For power simulations, we also assume six phenotypes are recorded. As discussed in Kocarnik et al. (2014), pleiotropy involves both highly correlated phenotypes and phenotypes that are very diverse. To simulate this, we again assume that continuous phenotypes follow a multivariate normal distribution but that the pairwise trait correlations are drawn from a uniform distribution. We separately consider scenarios reflecting low correlation (pairwise correlation of phenotypes drawn from a uniform distribution with bounds (0,0.3)), medium correlation (0.3,0.5), or high correlation (0.5,0.7). We also varied the number of phenotypes that are truly associated: we assume either two or four of the six phenotypes are associated with the causal variants in the region. For the rare variants test, we assume that 5% of rare variants in the region are causal. For each causal variant, we simulated the effect as β = (0.4 + N(0,0.1)) × |log10 MAF| such that less frequent alleles have larger effects on the outcome (Wu et al., 2010). For the common variants test, we assume that 1% of common variants in the region are causal. For each causal common variant, we assume a fixed effect where β = loge 1.5, which is based on the work of Ionita-Laza et al. (2013b).
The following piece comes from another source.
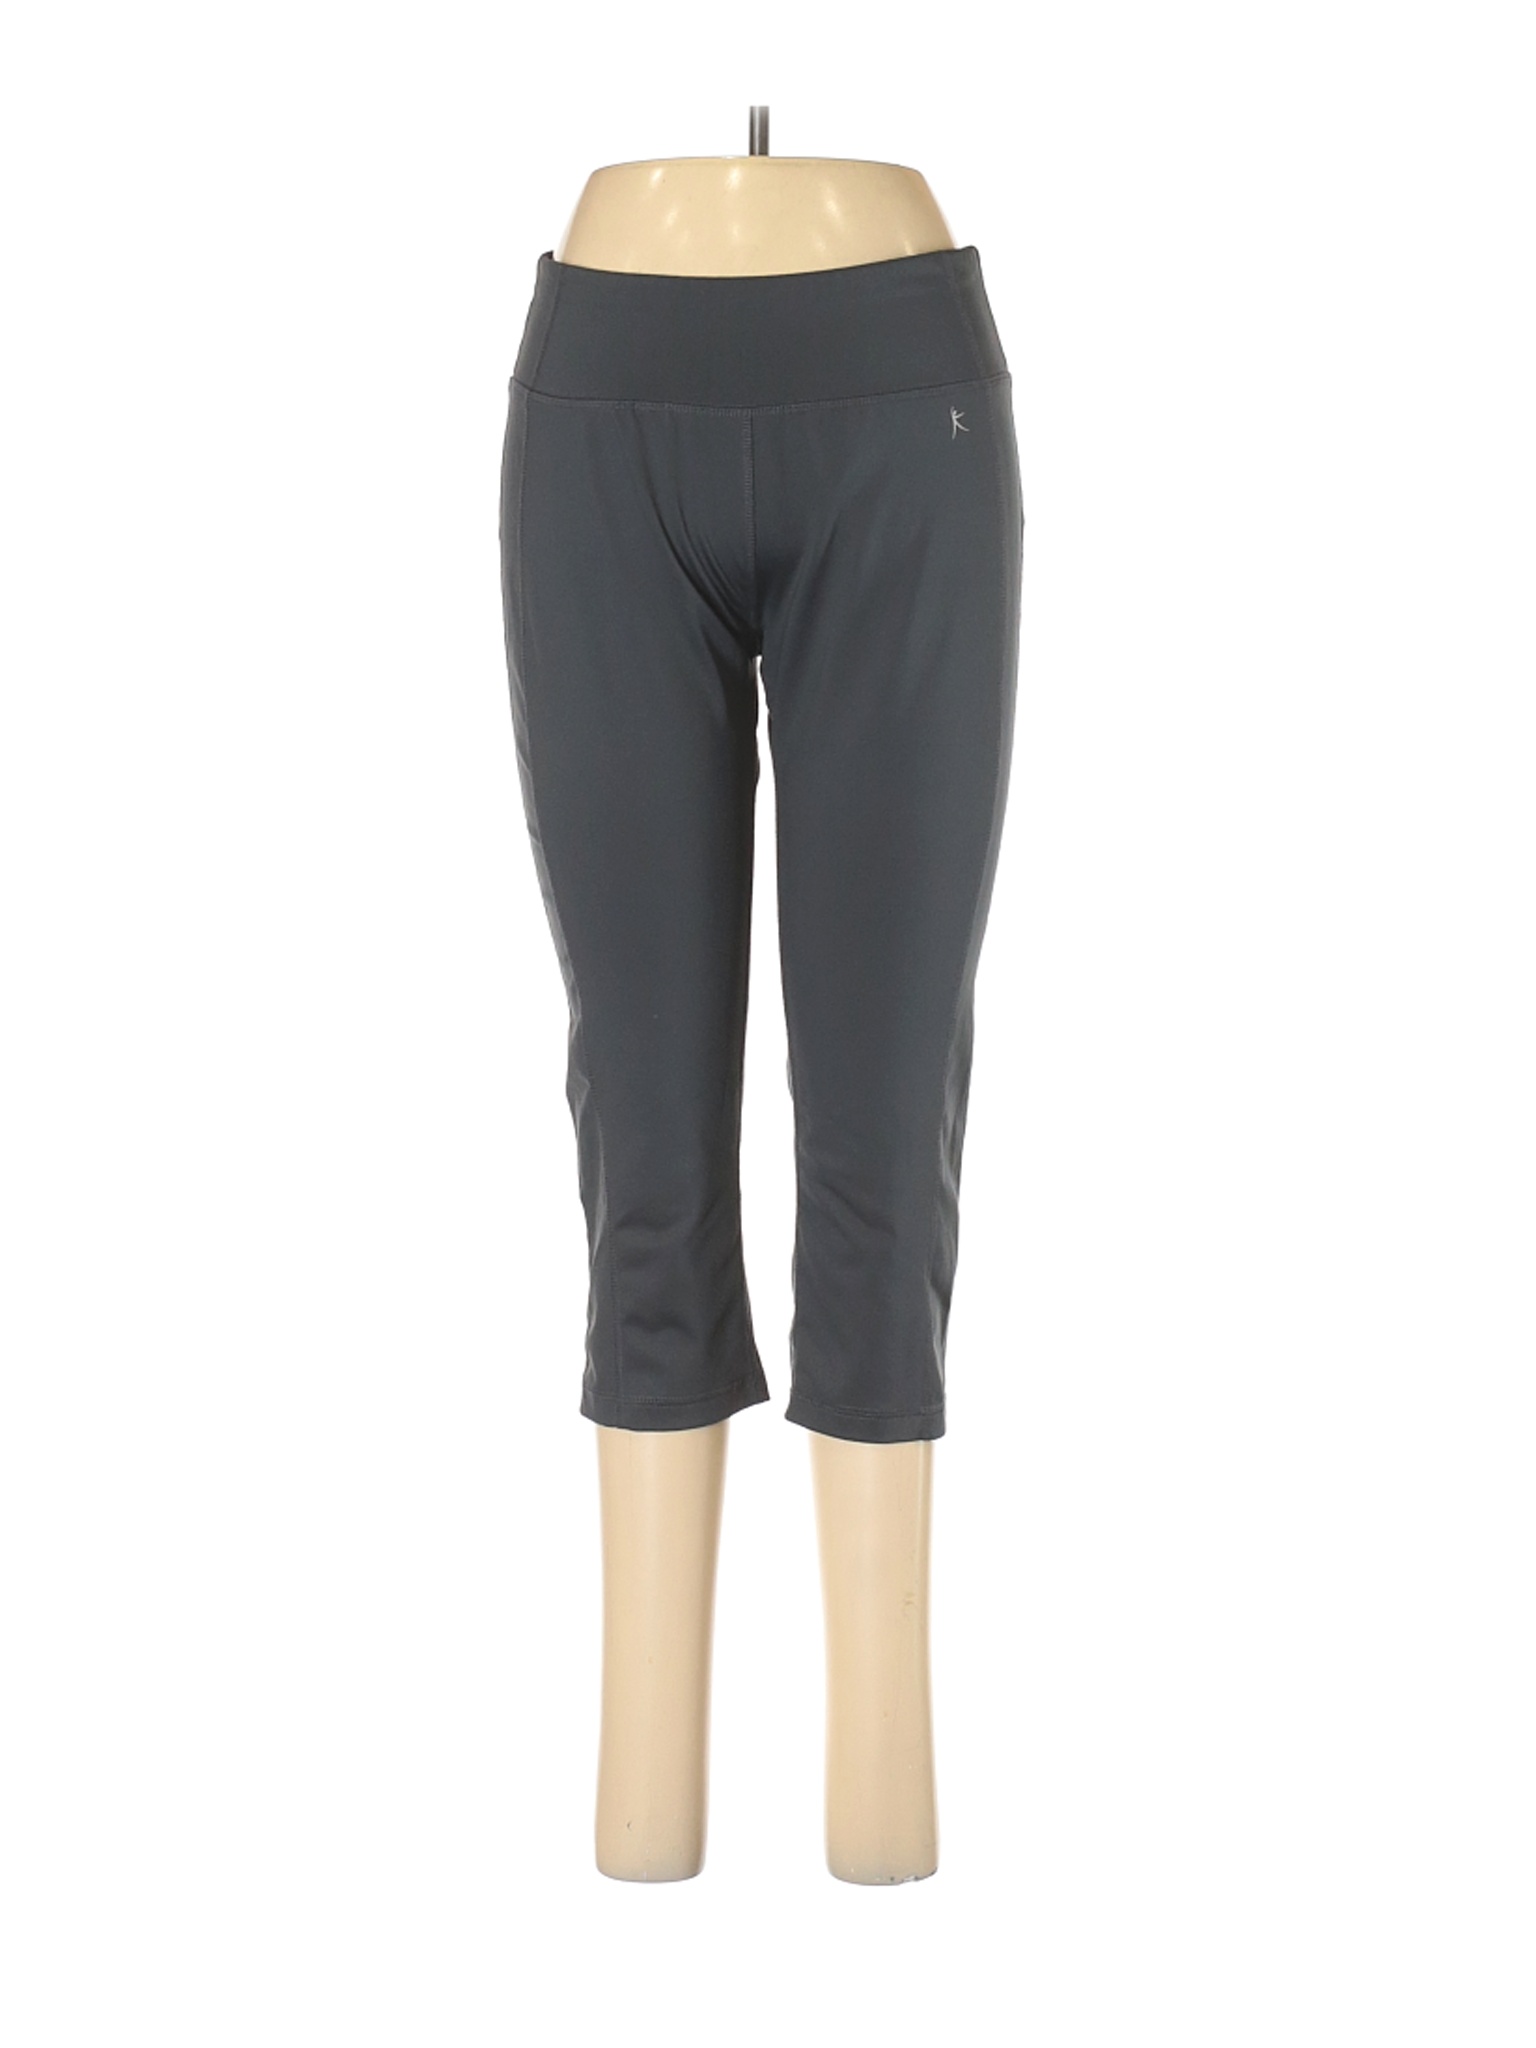 Danskin Women Gray Active Pants 8 | eBay

For tests of continuous traits, we compare our method with RF-KMR, a robust univariate gene-based test of a continuous phenotype using within-family information (Jiang et al., 2014) that does not consider multiple phenotypes simultaneously. As RF-KMR tests each phenotype individually, it is necessary to adjust for the six tests performed. As the phenotypes are correlated, direct application of the Bonferroni correction will be conservative. We instead calculate the number of effective tests, Meffective, as the number of principal components able to explain 90% of the variance of phenotypes. We then calculate the adjusted threshold as αeffective = α/Meffective. Compared to traditional Bonferroni correction, this threshold will achieve appropriate type I error rate and increased power.
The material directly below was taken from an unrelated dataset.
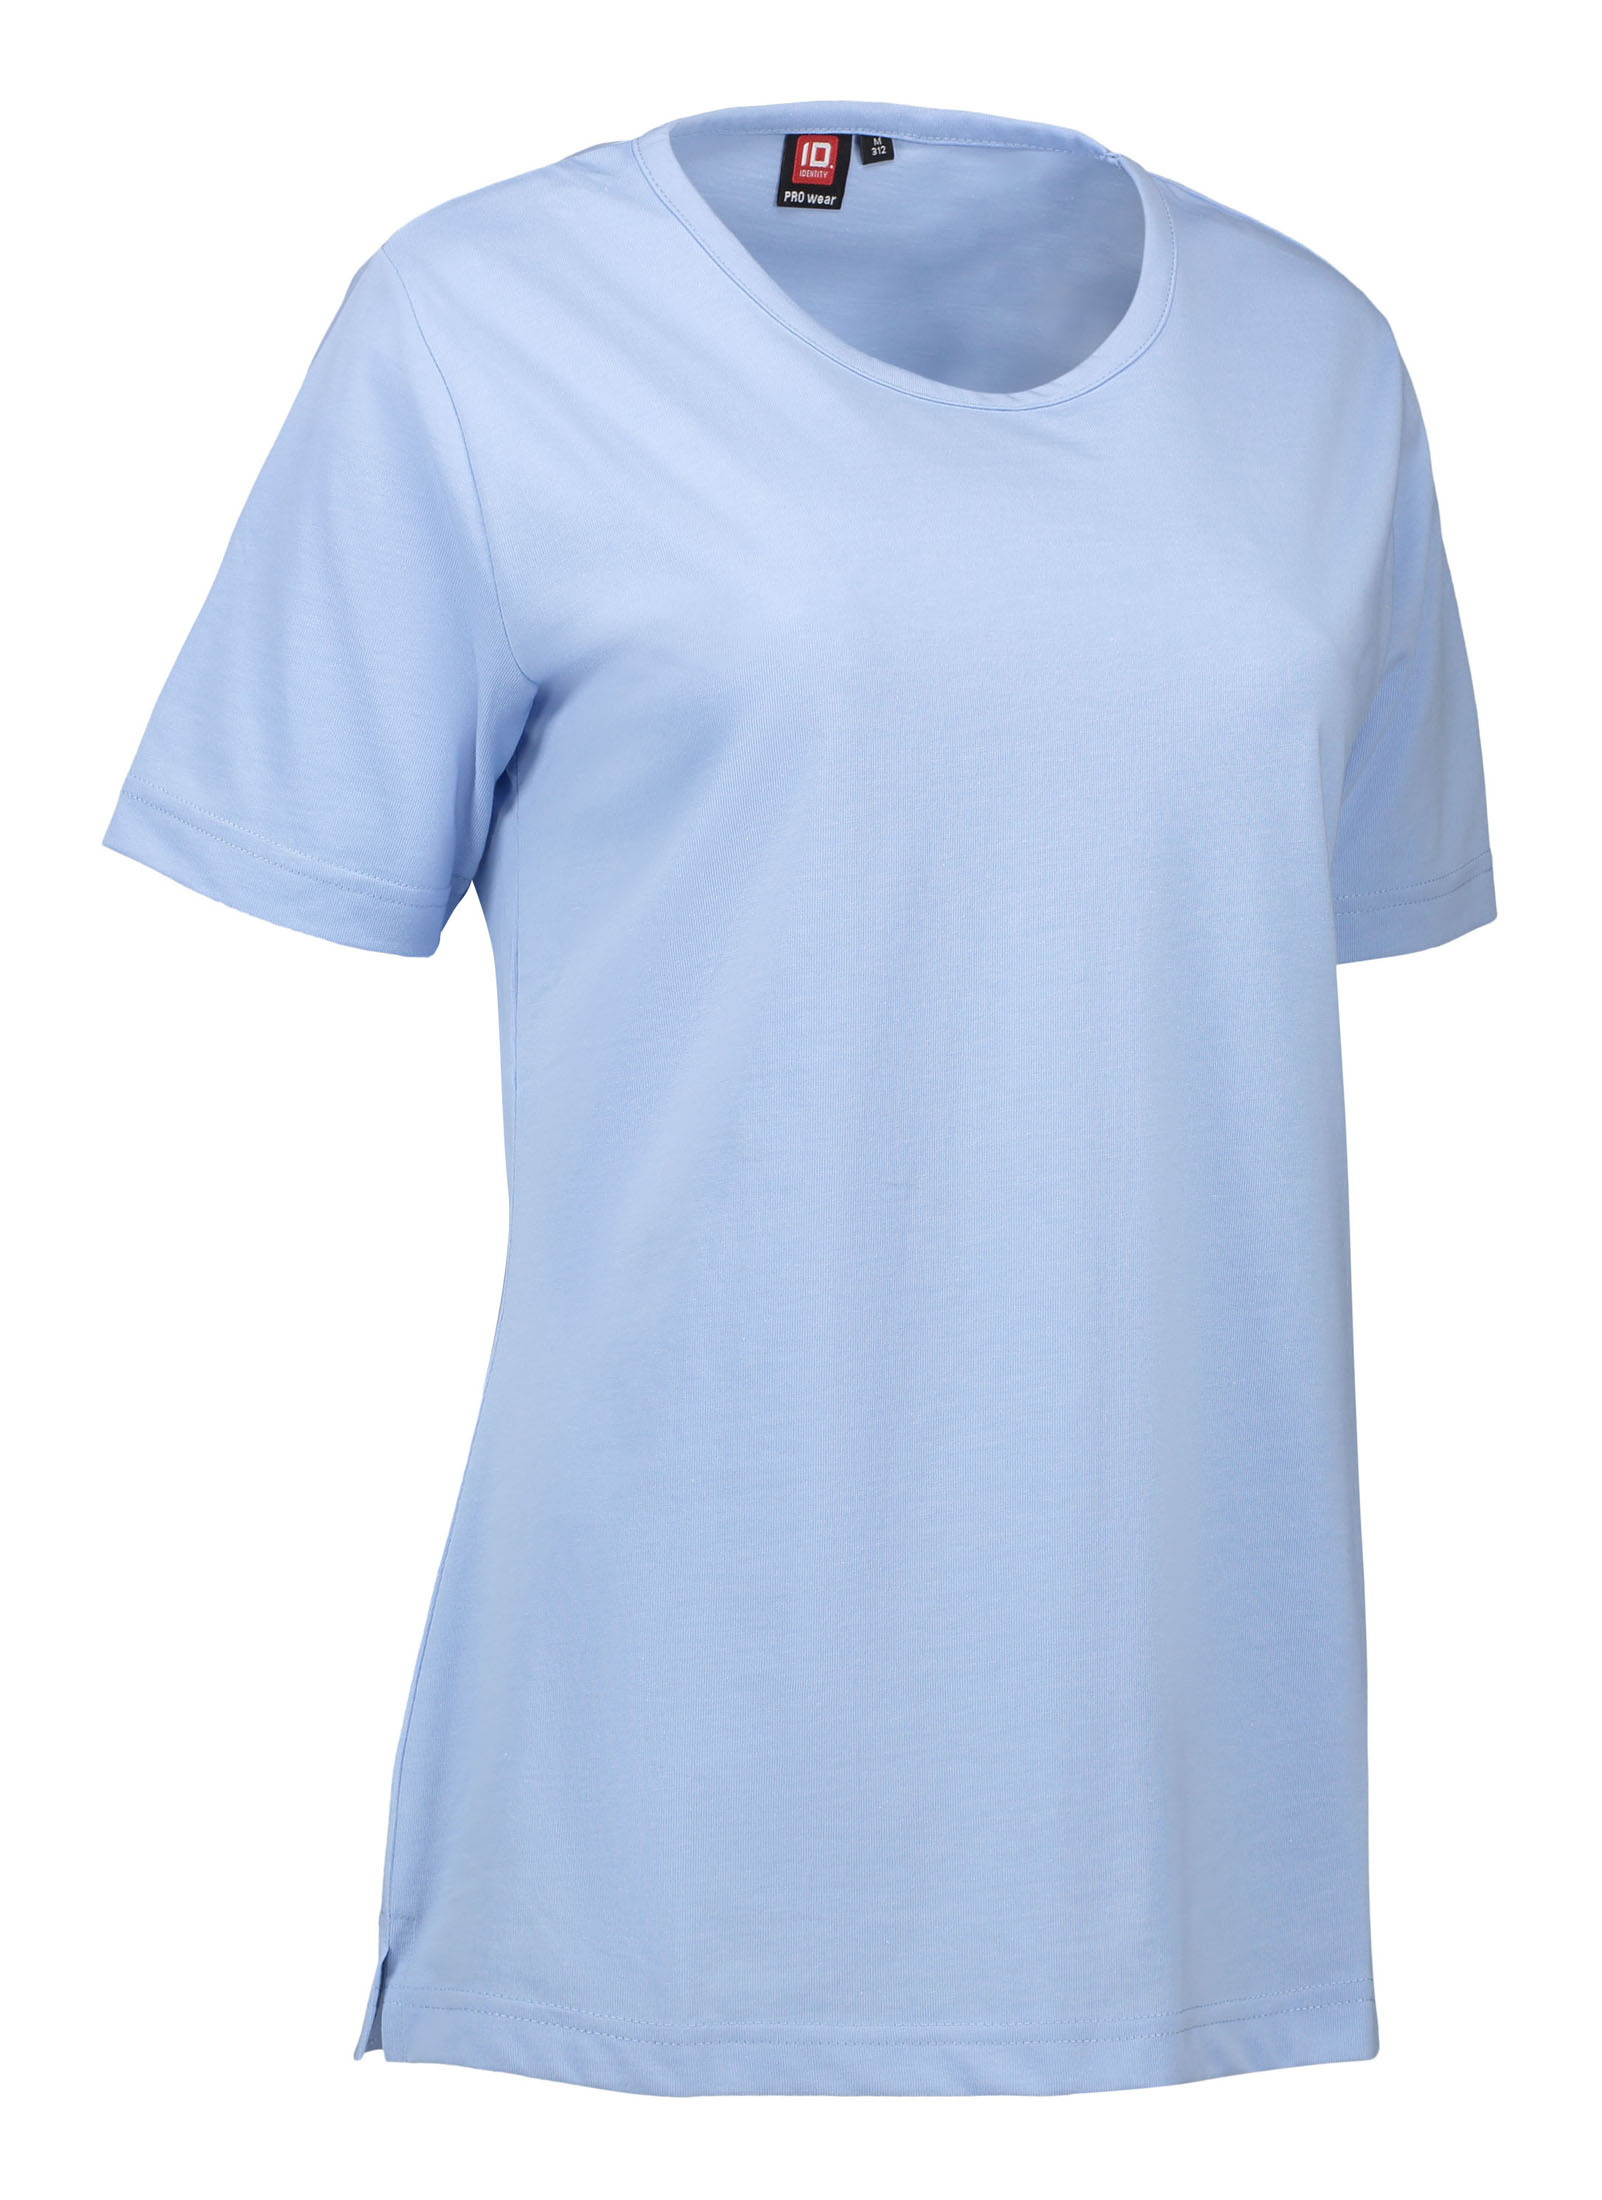 Pro Wear t-shirt, dam - Ljusblå

We performed additional simulations to address how much of a power loss our robust method suffered compared to using observed genotype information when confounding due to population stratification does not exist and furthermore investigated whether our proposed two-stage strategy for testing can help restore the performance of the robust method in such instances. Here we simulate only European haplotypes. Given N trios, we separately consider population-based samples of , and N unrelated individuals. We again consider six continuous phenotypes with medium pairwise trait correlation, of which either two or four are assumed to be truly associated with the causal variants in the region. For the trios, we implemented the two-stage screening procedure described by Jiang et al. (2014) where observed parental genotypes (from which the between-family component is derived) across several gene regions are first tested for cross-phenotype associations using the GAMuT method. We then use the resulting p-values to select a subset of top gene regions of interest to test using the robust within-family information in offspring. The tests of the first stage are independent of the tests of the second stage due to orthogonality of between- and within-family components.
GoKinD Data Analysis
As a real-data application example, we applied our method to common variants from a case-parent trio GWAS study of type 1 diabetes from the GoKinD study (Mueller et al., 2006; Pezzolesi et al., 2009). While GoKinD was initially designed to identify genes associated with diabetic nephropathy in type 1-diabetes patients, the study collected additional phenotypes that can potentially provide more insights in this line of research, such as systolic blood pressure (SBP), diastolic blood pressure (DBP), high-density lipoprotein (HDL), and body mass index (BMI). Via dbGaP (see Web Resources), the study made available phenotype and genotype data on 584 parent-offspring trios on dbGaP (dbGaP accession numbers phs000018.v2.p1 and phs000088.v1.p1). All subjects were genotyped using the Affymetrix Mapping 500K array. We used the annotation file from the 1000 Genomes Project to identify common SNPs that fell within known genes. After excluding genes with less than two common variants, 9,647 genes and 131,366 SNPs were included in our analysis. We used our novel cross-phenotype test to test the association between the 9,647 genes and SBP, DBP, HDL, BMI. We also adjusted for important covariates in our model: gender, age, renal function status (proteinuric, dialysis, renal transplant or other), smoking status, insulin intake (yes or no), anti-hypertension drug intake (yes or no), lipid lowering medication intake (yes or no). We applied both our method and univariate RF-KMR testing to the dataset.
Results
Type I Error Rate
We first applied our method to 5,000 simulated datasets that were subjected to confounding. For each simulation, we sampled 500 trios (125 European and 375 African) from the pool of 10,000 simulated haplotypes. We constructed the test statistics using both the original GAMuT test based on observed genotype (sensitive to population stratification) as well as our modified approach based only on the within-family component (which is robust to population stratification). We chose the weighted linear kernel to form the genotype similarity matrix, where weight was generated through the beta distribution density function evaluated at the minor allele frequency: weight~beta(MAF, 1, 25) (Wu et al., 2011). We further chose the projection matrix to form the phenotype similarity matrix.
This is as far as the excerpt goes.